Além do que se vê.

Começa hoje (01/11), na sede paulistana do Instituto Moreira Sales, a quarta edição do Festival Zum, realizada pela revista de mesmo nome. Até o domingo, dia 3 de novembro, o evento reúne artistas, fotógrafos, editores e pesquisadores, em debates e oficinas sobre a produção e a circulação das imagens na atualidade. Todas as atividades são gratuitas e abertas ao público.

Capa da Revista Zum – Anfiteatro desativado da UFRRJ em Seropédica, RJ, 2018. (Foto: Vincent Catala)

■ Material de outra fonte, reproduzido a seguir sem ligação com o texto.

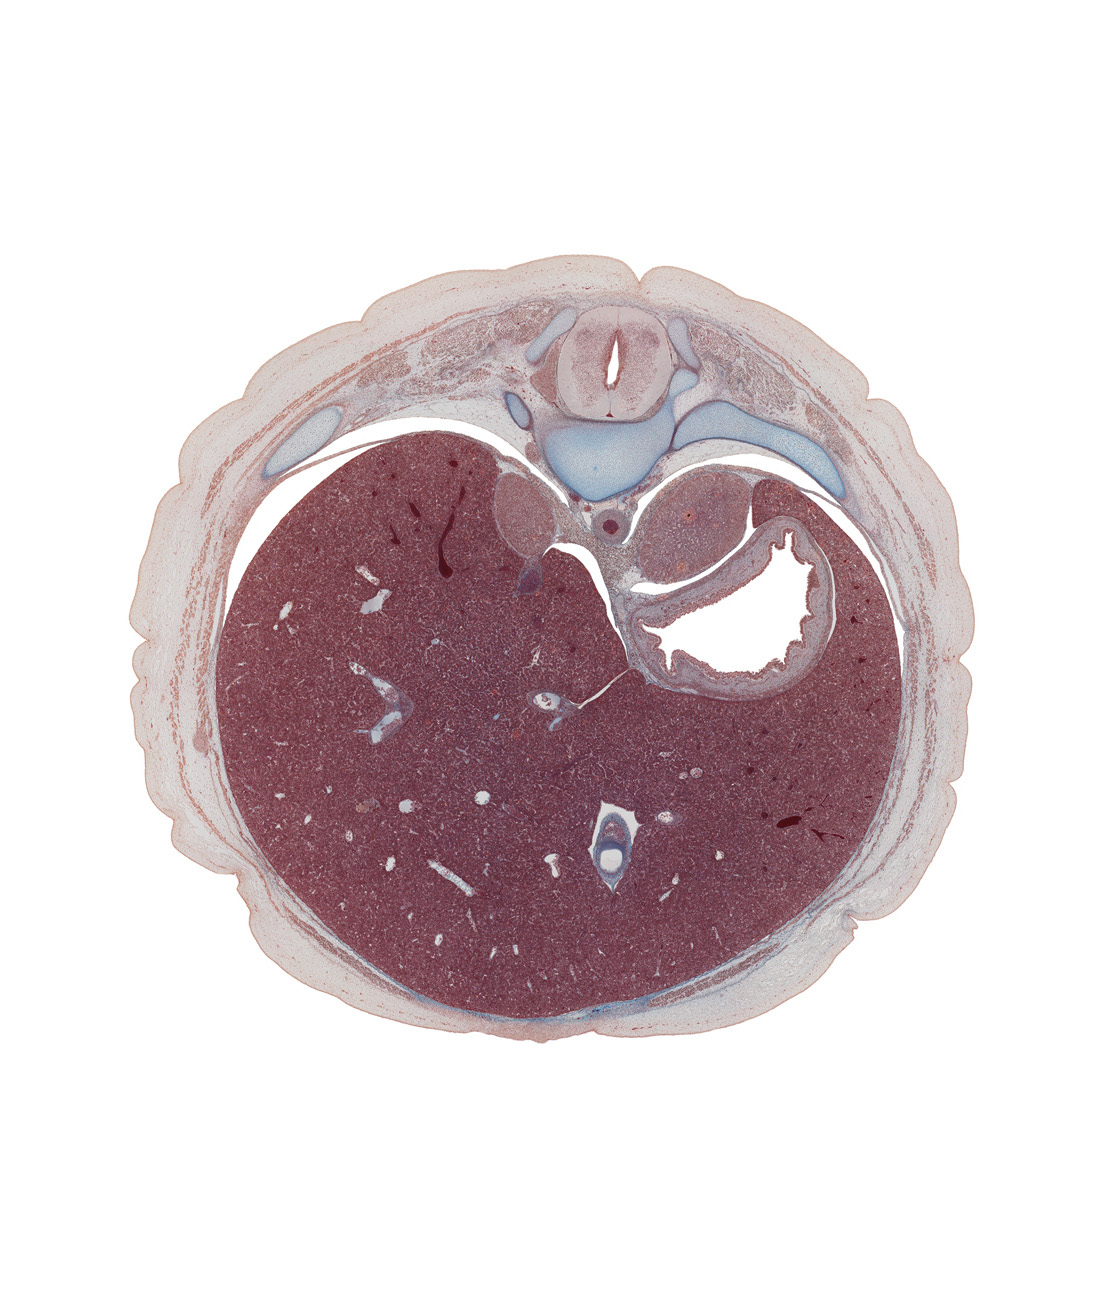 T-10 / T-11 interganglion region, aorta, central canal, diaphragm, dorsal horn of grey matter, dorsal mesogastrium, ductus venosus, gastric fold(s), inferior vena cava, lateral funiculus, lateral horn of grey matter, left lobe of liver, peritoneal cavity, rib 11, right lobe of liver, suprarenal gland, sympathetic trunk, ventral funiculus, ventral horn of grey matter
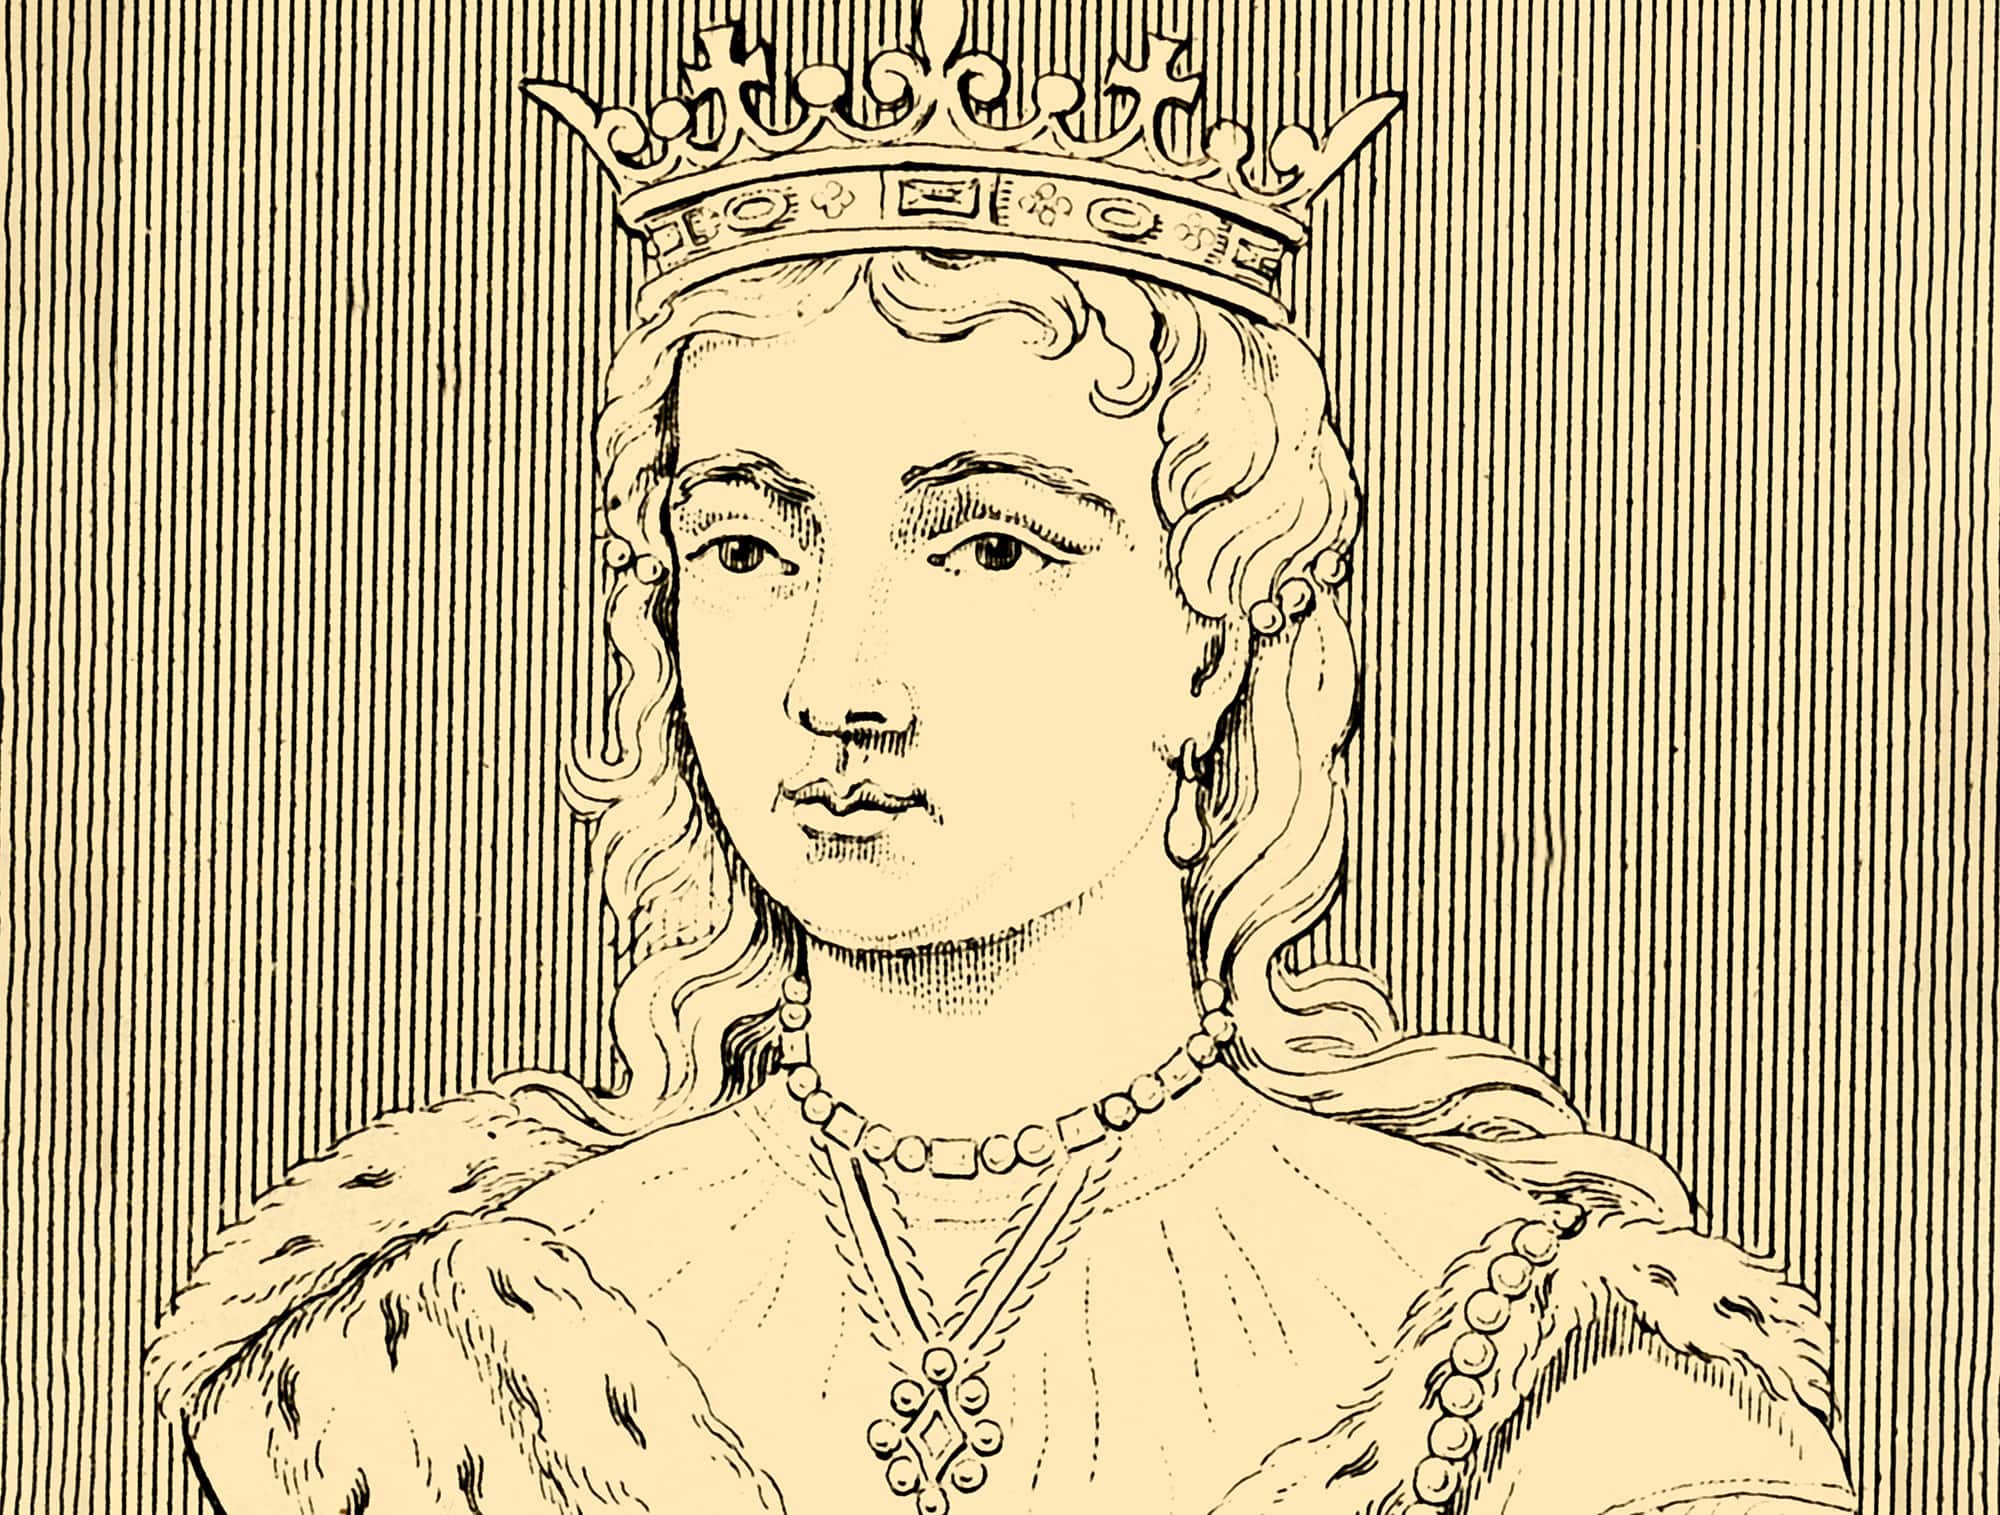 Margaret of Anjou facts

Segundo o editor da revista e curador do festival, o querido Thyago Nogueira, com quem bati um papo na última quarta-feira, a opção em não escolher um tema específico para cada edição deixa os caminhos mais fluidos e o mais abrangente possível:  “É claro que estamos conectados aos temas políticos globais latentes para fazer a curadoria e fazer uma reflexão da fotografia como um instrumento de poder”, afirma ele. “O que mais me interessa é questionar além do que o que está dentro da imagem em si”.

A programação começa às 18h30, com o lançamento da revista Zum #17 e segue com o debate “desaprendendo a história da fotografia” com a pesquisadora israelense Ariella Azoulay, conhecida como a Susan Sontag dos nossos tempos, além da participação da historiadora e antropóloga Lilia M. Schawrtz, que promete ser arrebatadora. Ariella questiona as origens das fotografias e como elas são produto de uma mentalidade colonialista, enraizada nas estruturas imperiais de poder e legitimação da violência na forma de direitos exercidos sobre o Outro. O fotografado não se representa, mas é representado pelo olhar do fotógrafo, já lapidado e recortado, “dando voz” a esses personagens. Mas que voz esses personagens teriam se pudessem falar por si próprios? Ariella apropria-se, assim, das reflexões iniciadas pelo seu conterrâneo, Edward W. Said, no clássico Cultura e Imperialismo, além do relevante e influente ensaio Pode o Subalterno Falar? de Gayatri Chakravorty Spivak, obras fundamentais dos Estudos Subalternos e Culturais e de uma episteme decolonial.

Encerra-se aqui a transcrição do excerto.